Find a detour
Park as far from your workplace (or doctor’s office, grocery store, or dinner party) as possible. Because you want to walk at least 30 minutes each day (about 3,000 to 5,000 steps), a detour will help, says Juan Remos, MD, an internist and health-and-wellness director at The Miami Institute for Age Management and Intervention. If you park 15 minutes away from your office, you’ll also burn an extra 130 calories per day.
Pack your walking shoes
Next time you book a business trip, add walking to the equation. “Everywhere I go, I factor in a daily walk,” says Eric Plasker, a chiropractor based in Atlanta and author of The 100 Year Lifestyle. “I get to see a new city in a whole different way.” This strategy also helps burn off high-calorie business dinners. A 20-minute walk on each of three days kicks about 260 calories to the curb.
Schedule a moving meeting
Hit the trail or track and bring a digital recorder to remember key points, Plasker suggests. By skipping the usual muffins-and-coffee meeting, you’ll avoid at least 450 calories and will burn a bunch, instead.
Get a pooch
Dog owners walk an average of 300 minutes a week, while people without dogs walk just 168, according to a Canadian study. That’s a difference of almost 600 calories.

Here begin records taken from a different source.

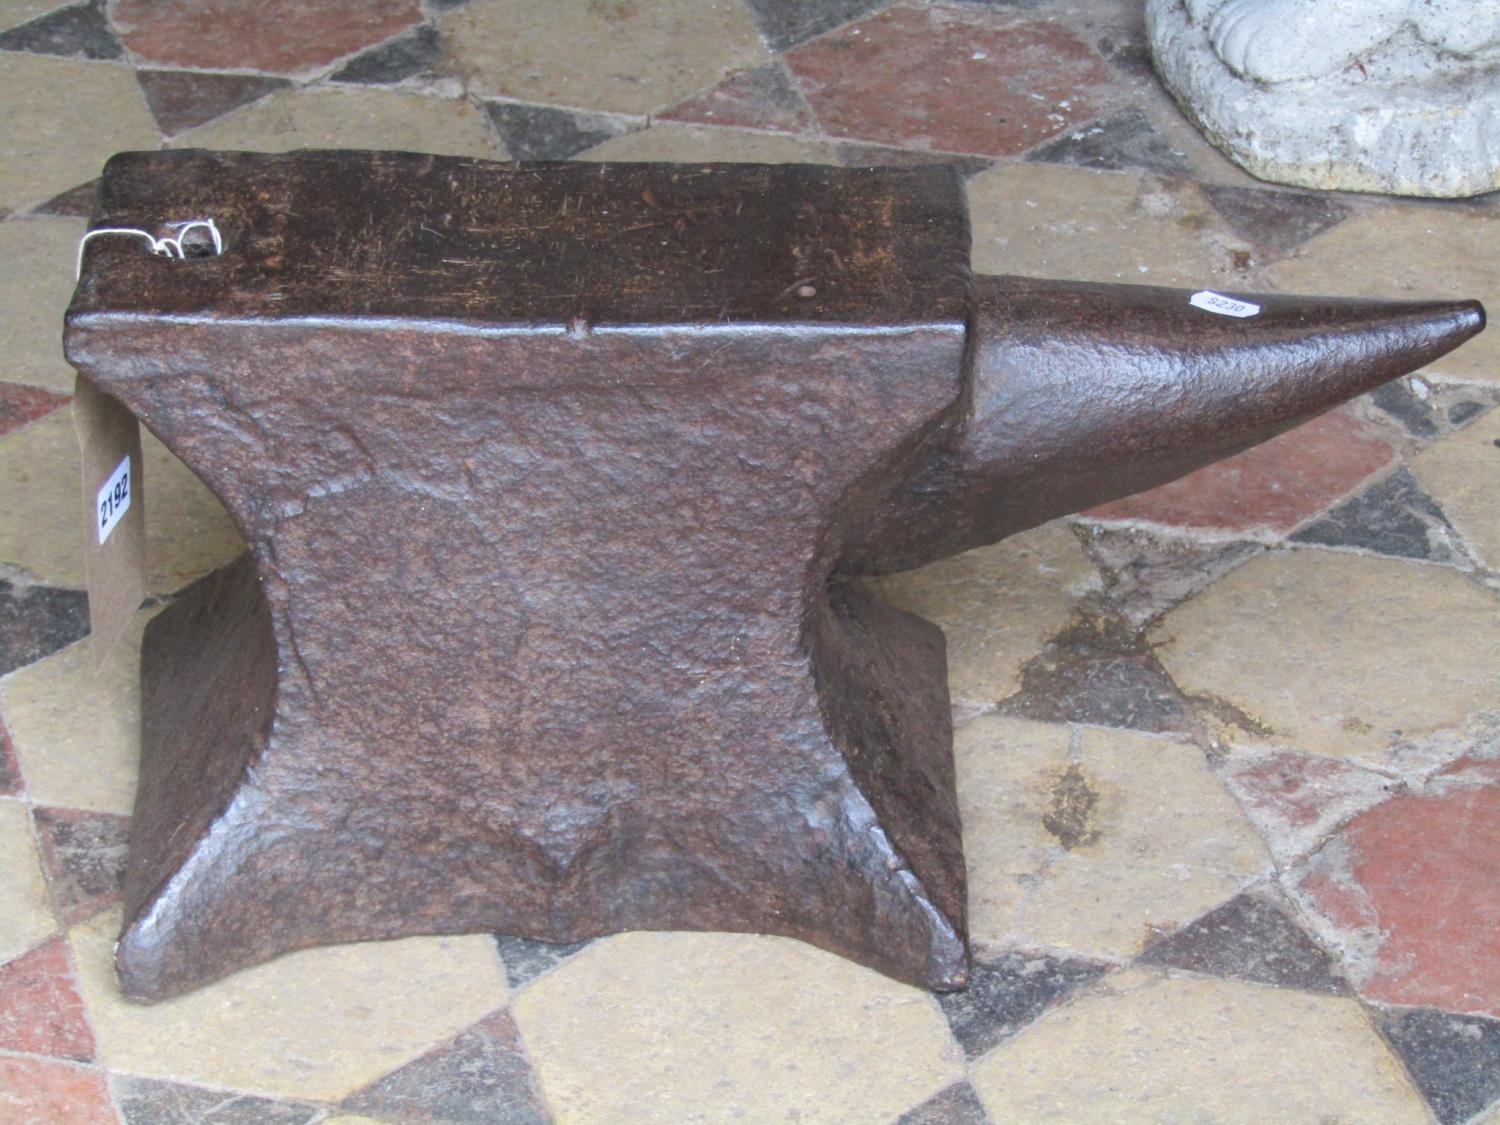 An old cast iron anvil, 50 cm long x 25 cm high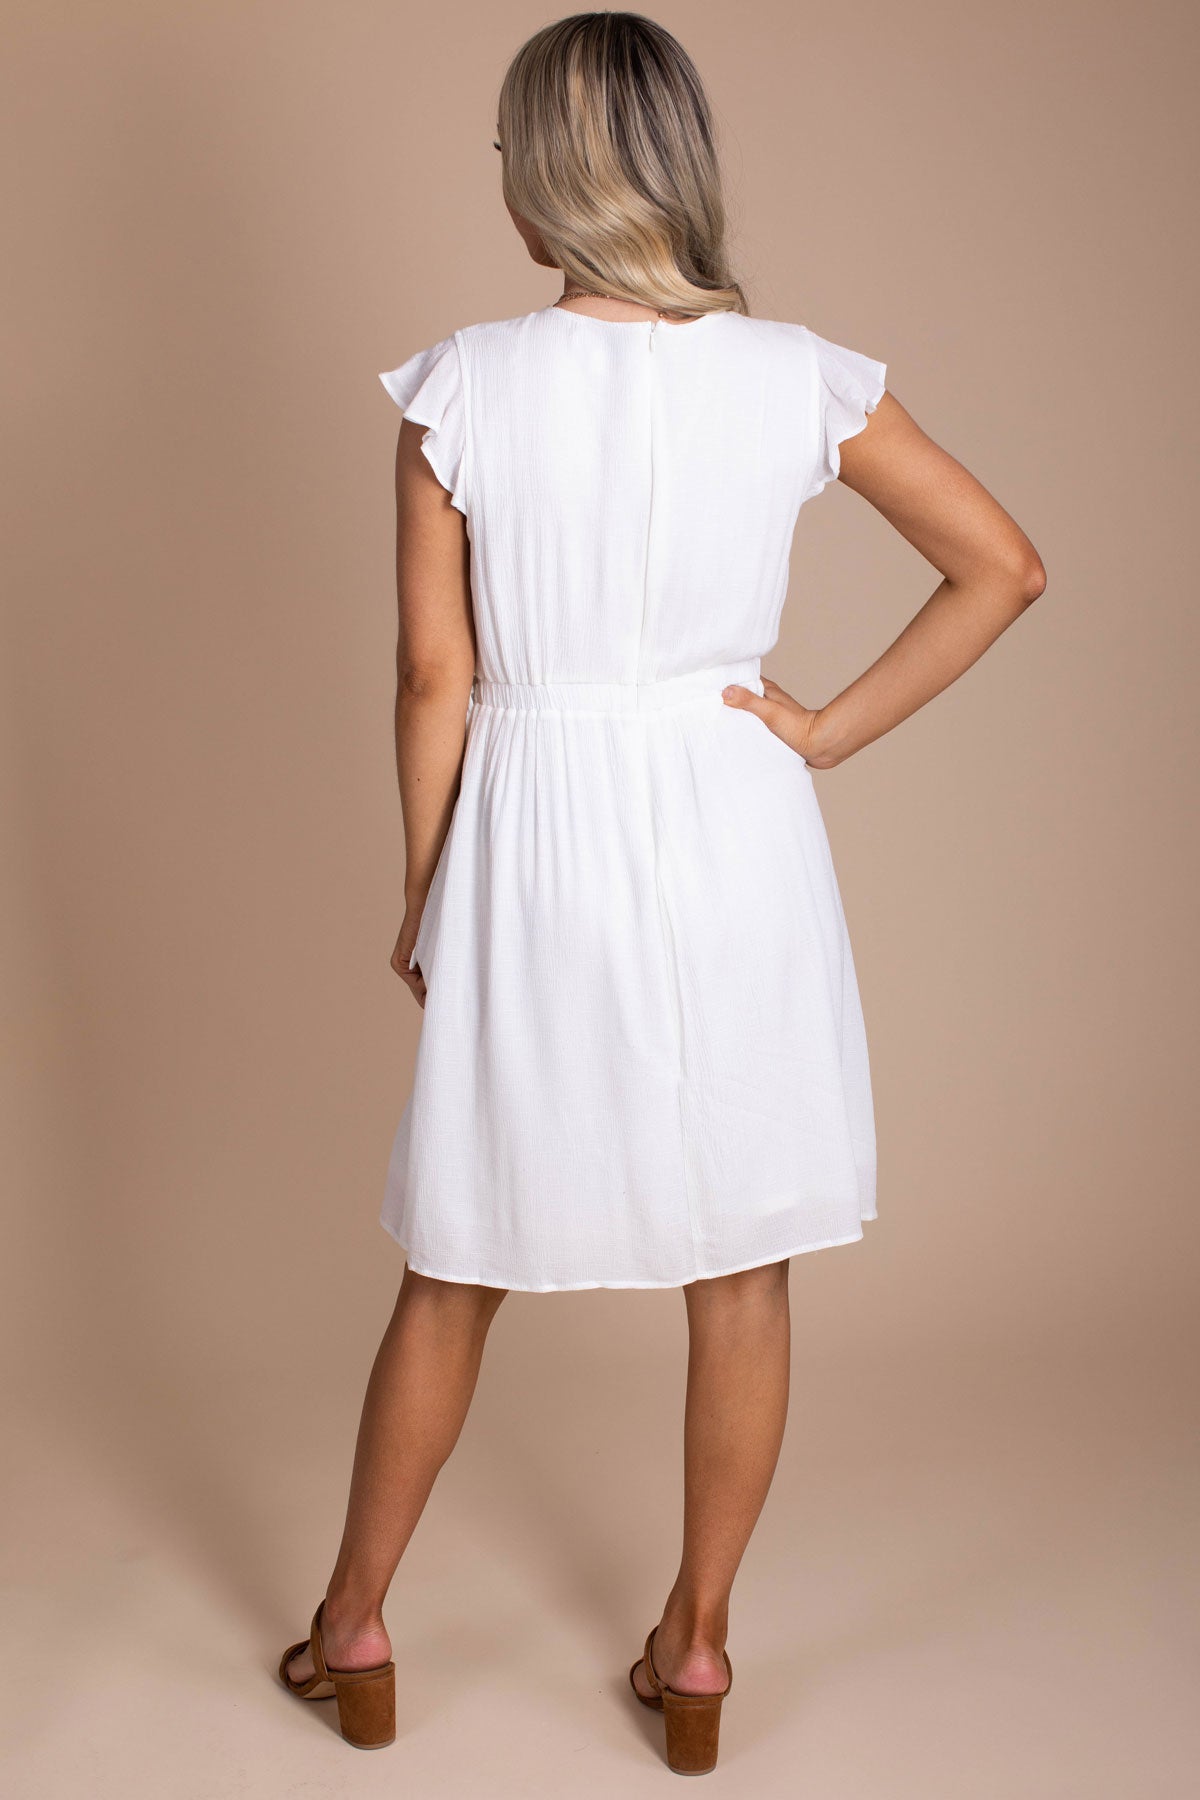 Just My Type Knee-Length Dress - White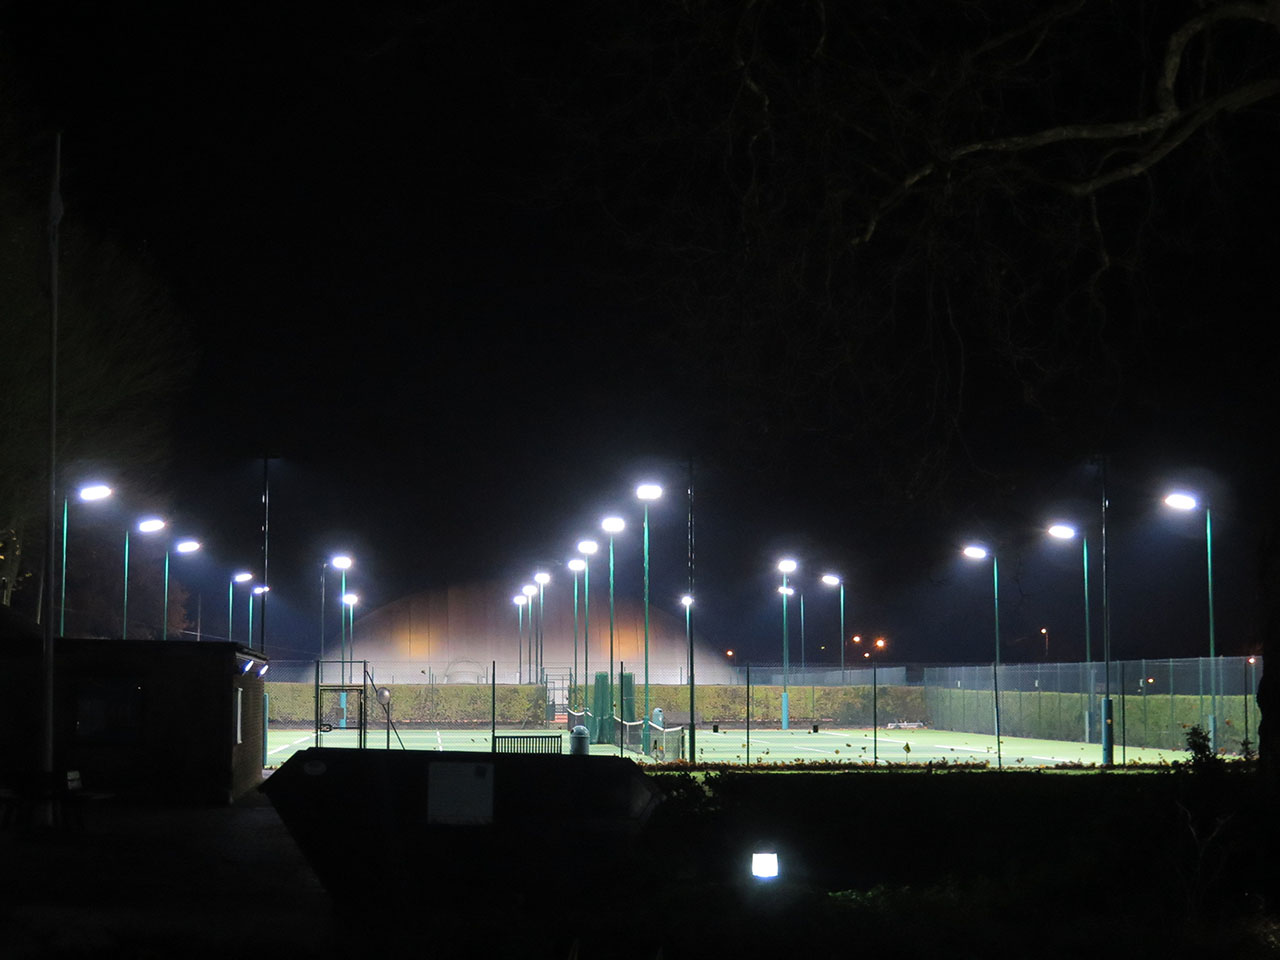 Roehampton Club - Artificial Grass Tennis Courts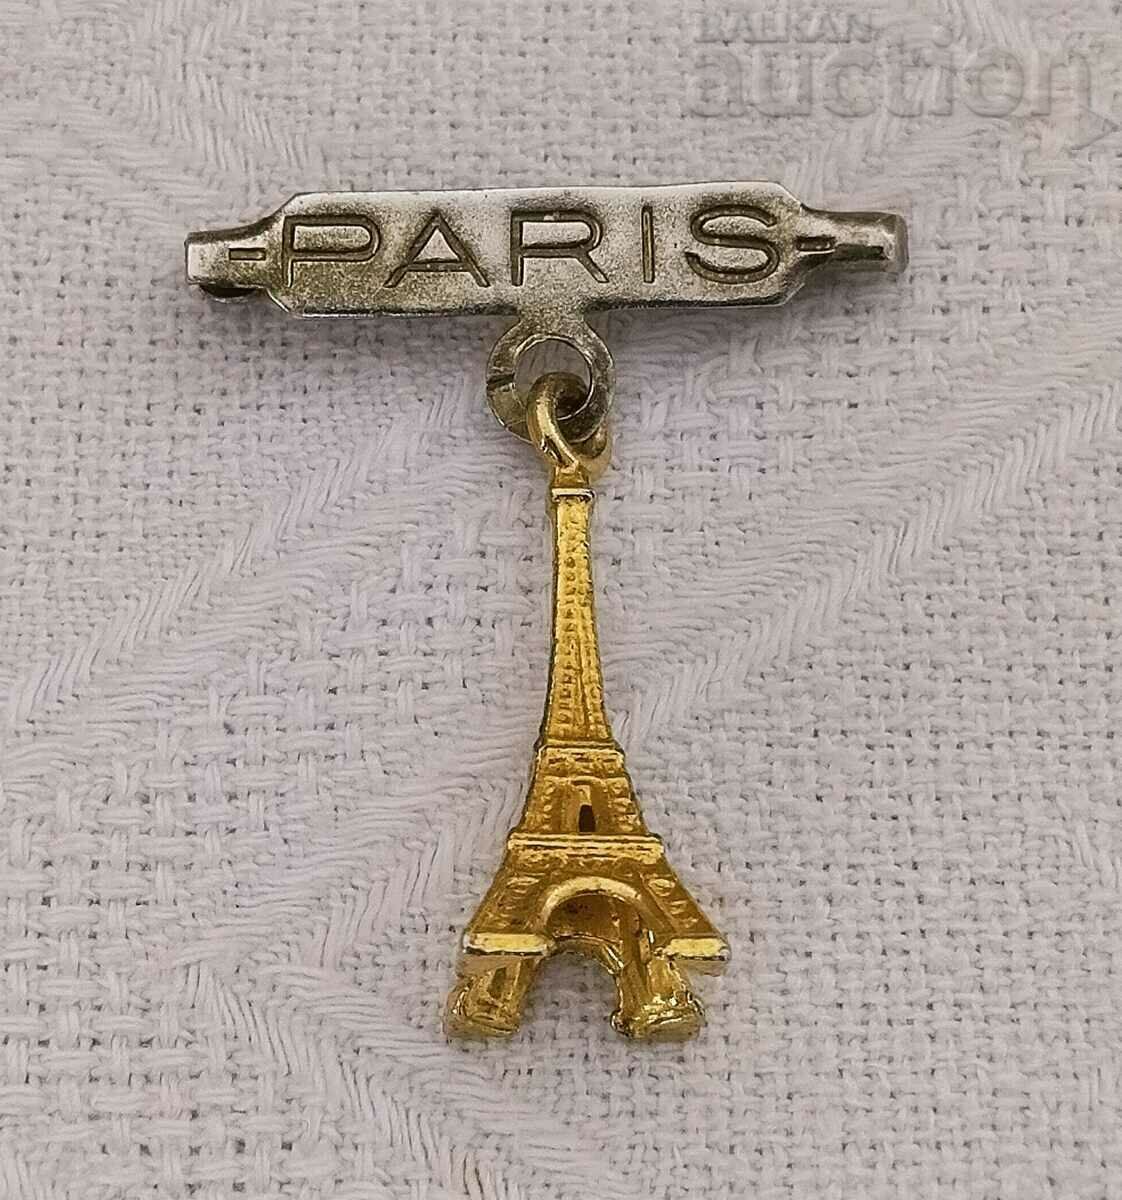 PARIS PARIS EIFFEL TOWER BADGE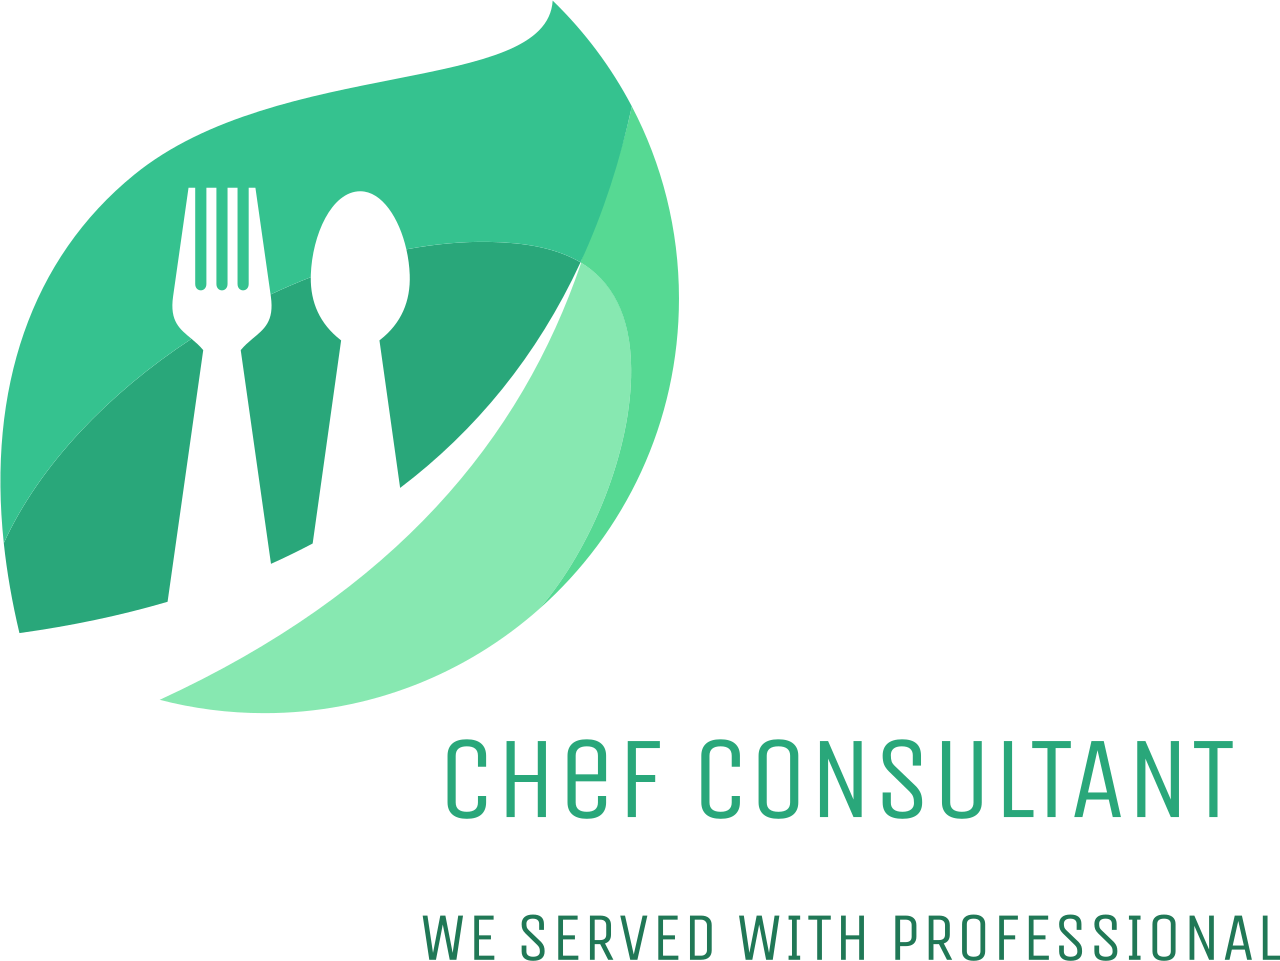 Chef CONSULTANT 's logo

A human friend is another way to stay motivated. “Being accountable to someone makes us more aware when we’re skipping exercise,” says April Harris Swales, a personal trainer at the Cooper Fitness Center in Dallas. “On the flip side, you can be great cheerleaders for each other.”
Add some resistance
Working against the wind, in the water, or while wearing a backpack burns about 50 more calories per hour than walking on flat ground. “Nordic poles are another great tool,” Swales says. “They allow you to recruit your upper-body muscles, ultimately giving you an additional 25 to 30 percent calorie-burn increase per hour.” Plus, if you have a bad back or a balance issue, poles will boost your stability. (See our Nordic-Walking Workout).
Count your steps
In a study at the University of Michigan, walkers who wore pedometers lost weight even in the absence of new diets. “You can set goals and race against yourself,” Remos says. “For example, you can make it a goal to increase your walking by 500 steps every week. Or to do 3,000 steps in 30 minutes this weekend and 4,000 steps in 40 minutes next weekend.” Make it 5,000 steps and you’ll burn about 200 calories.